Succession en usufruit : l'héritier peut effectuer des dons à son entourage librement ?

Au moment du décès de notre mère, la succession a été faite par un notaire et notre père a opté pour la totalité de la succession en usufruit. Notre père a-t-il le droit d'utiliser les sommes disponibles sur ses comptes comme il le souhaite et effectuer des dons à son entourage ? Y a-t-il un risque particulier pour les receveurs de ces dons s'il s'agit de 3 héritiers réservataires sur 5 ? Ces sommes seront réintégrées dans la succession, pouvez-vous nous le confirmer ?

Réponse de l'expert

Conformément à l’article 587 du code civil, l’usufruitier a le droit de disposer de la chose lorsque l’usufruit porte sur une chose consomptible (somme d’argent notamment). On parle alors de quasi usufruit.
Concernant les comptes de dépôts, comptes sur livret, codevi, c’est à dire tout ce qui est consomptible par le premier usage, l’usufruitier a le droit de s’en servir à la charge de rendre à la fin de l’usufruit.

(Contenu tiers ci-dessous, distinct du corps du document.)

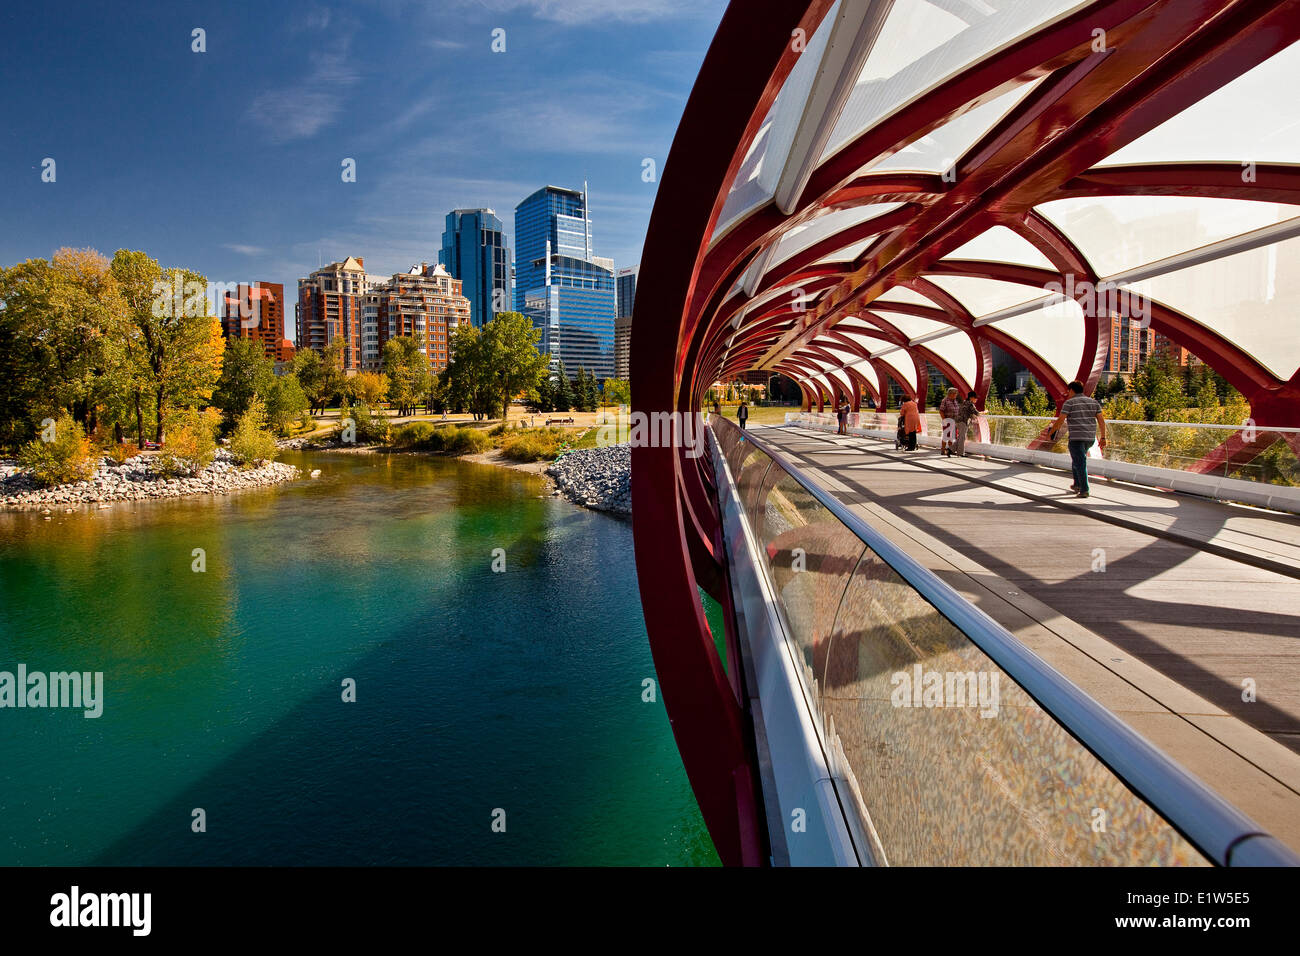 Calgary ponte di pace e il centro cittadino di highrise edifici, (Ponte di Pace è un ponte pedonale, progettato dal rinomato spagnolo archita Foto Stock

L’usufruitier a donc le droit de se servir de l’argent, à charge de le restituer à la fin de l’usufruit.
 
Toute personne majeure et jouissant de ses droits civils peut librement, et sans l'accord de ses enfants, accorder des libéralités à une personne de son choix (articles 901et 902 du Code civil).
 
Ainsi, un parent peut, en application de ces dispositions, donner de son vivant, un bien à l’un de ses enfants.
 
Il convient, néanmoins, de préciser qu’en présence de plusieurs héritiers, le défunt est présumé avoir souhaité maintenir l'égalité entre eux. Cette volonté présumée est mise en œuvre au moyen du mécanisme du rapport des libéralités à sa succession.
 
En application de l’article 843 du code civil, les dons manuels faits à un héritier venant à la succession (dons de sommes d’argent) sont rapportables sauf s’ils ont été faits expressément hors part successorale.
 
L’article précise en effet que « tout héritier, même ayant accepté à concurrence de l’actif net, venant à une succession, doit rapporter à ses cohéritiers tout ce qu’il a reçu du défunt, par donations entre vifs, directement ou indirectement : il ne peut retenir les dons faits par le défunt, à moins qu’ils ne lui aient été faits expressément hors part successorale ».